Assess the performance of both pipelines using the untouched test set principle:

- Perform CV on your training dataset (`X_train`, `y_train`).
- Evaluate their predictive performance (MSE) on the separate test set (`X_test`, `y_test`).

Finally, report and compare the optimal hyperparameters and corresponding performance metrics obtained from cross-validation and on the independent test set.

<details><summary>Hint 1:</summary>
    Use `RandomizedSearchCV.best_score_` to see the best validation score, and use `RandomizedSearchCV.score` to run performance evaluation on the test set.
</details>


<details><summary>Hint 2:</summary>
    Recall that the `RandomizedSearchCV` use negative MSE as the score in the HPO. Therefore, when printing the performances on the validation and test sets, you need to flip the sign of the score.
</details>


In [5]:
#===SOLUTION===

print("\nTraining model with OneHotEncoder...")
onehot_search.fit(X_train, y_train)

print("Training model with TargetEncoder...")
target_search.fit(X_train, y_train)

# Output results for OneHotEncoder
print("\n--- OneHotEncoder Results ---")
print(f"Best parameters: {onehot_search.best_params_}")
print(f"Best CV score (MSE): {-onehot_search.best_score_:.4f}")
onehot_test_score = onehot_search.score(X_test, y_test)
print(f"Test set score (MSE): {-onehot_test_score:.4f}")
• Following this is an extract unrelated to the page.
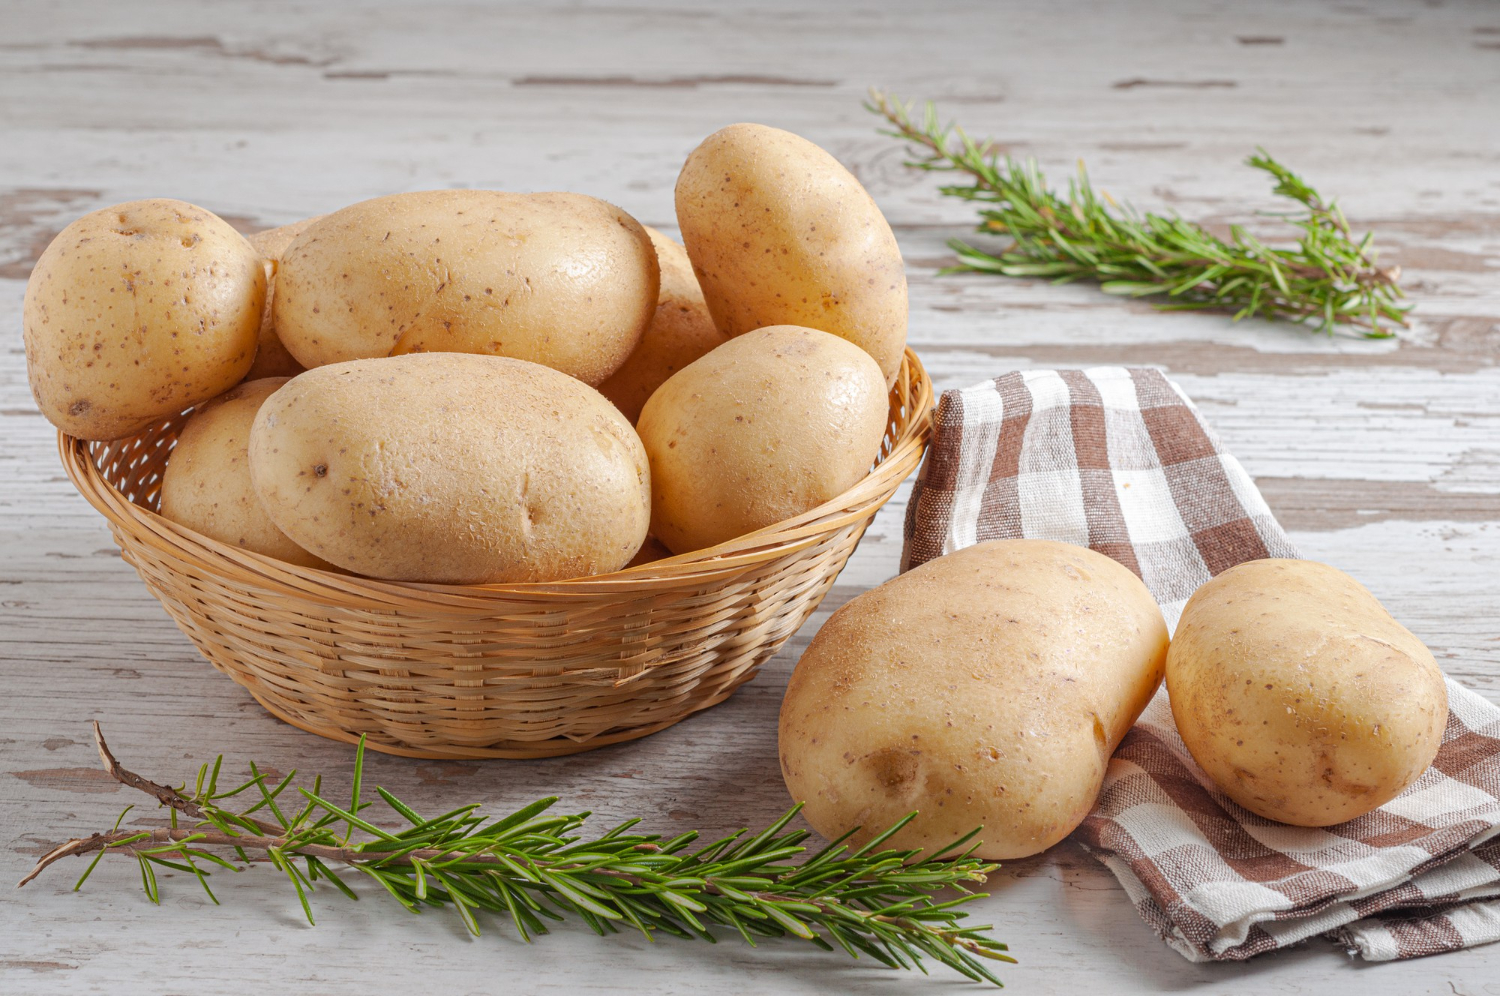  Bulvių simpatija: žinokite 6 galingiausius LOVE

# Output results for TargetEncoder
print("\n--- TargetEncoder Results ---")
print(f"Best parameters: {target_search.best_params_}")
print(f"Best CV score (MSE): {-target_search.best_score_:.4f}")
target_test_score = target_search.score(X_test, y_test)
print(f"Test set score (MSE): {-target_test_score:.4f}")
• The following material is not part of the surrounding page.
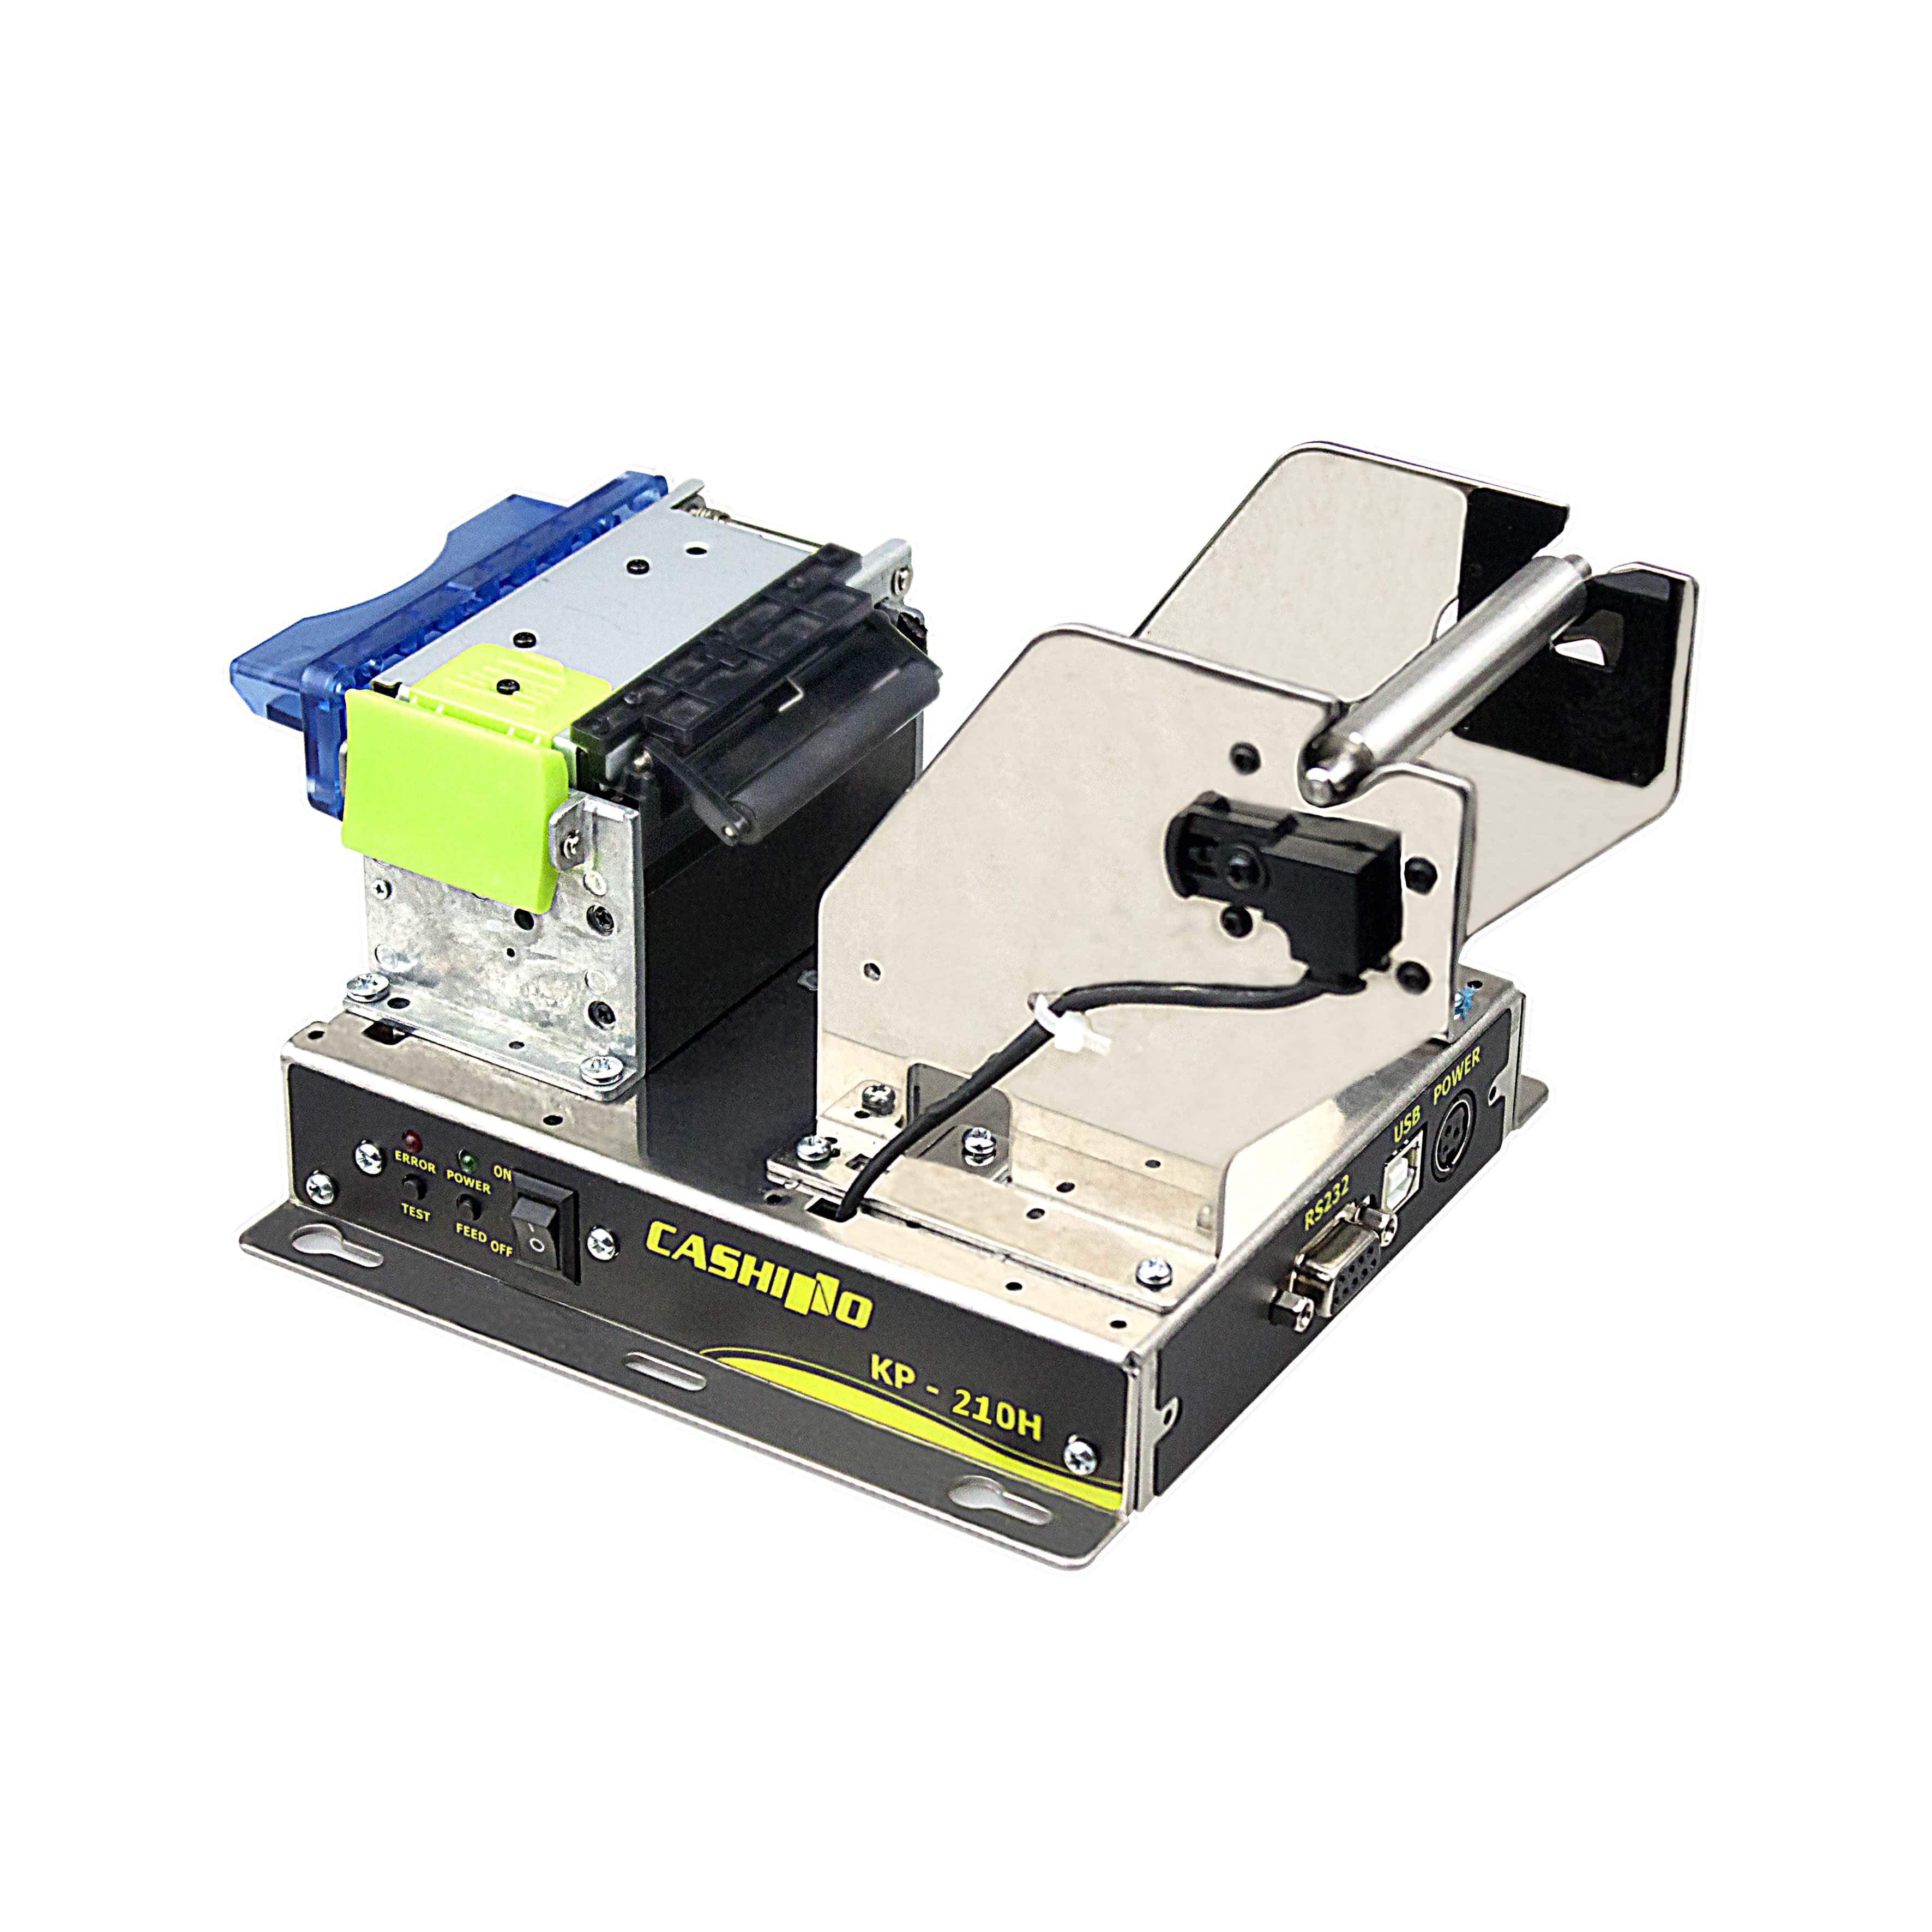 KP-210H 58 mm automatisch snijdende kiosk thermische printer

Training model with OneHotEncoder...
Fitting 2 folds for each of 50 candidates, totalling 100 fits
Training model with TargetEncoder...
Fitting 2 folds for each of 50 candidates, totalling 100 fits

--- OneHotEncoder Results ---
Best parameters: {'xgb__colsample_bylevel': 0.9739842882294312, 'xgb__colsample_bytree': 0.2816306321316162, 'xgb__learning_rate': 0.24734640788083925, 'xgb__max_depth': 4, 'xgb__reg_alpha': 63.31327250747733, 'xgb__reg_lambda': 0.014633103639863188, 'xgb__subsample': 0.8480834882645039}
Best CV score (MSE): 17334.5468
Test set score (MSE): 16713.4028

--- TargetEncoder Results ---
Best parameters: {'xgb__colsample_bylevel': 0.8656327252373124, 'xgb__colsample_bytree': 0.5827666592066569, 'xgb__learning_rate': 0.07834804904588204, 'xgb__max_depth': 8, 'xgb__reg_alpha': 57.53289051844459, 'xgb__reg_lambda': 0.8489426245140799, 'xgb__subsample': 0.658346139517151}
Best CV score (MSE): 18180.8702
Test set score (MSE): 14889.9817


## Summary

We learned how to apply pre-processing steps together with tuning to construct refined pipelines for benchmark experiments.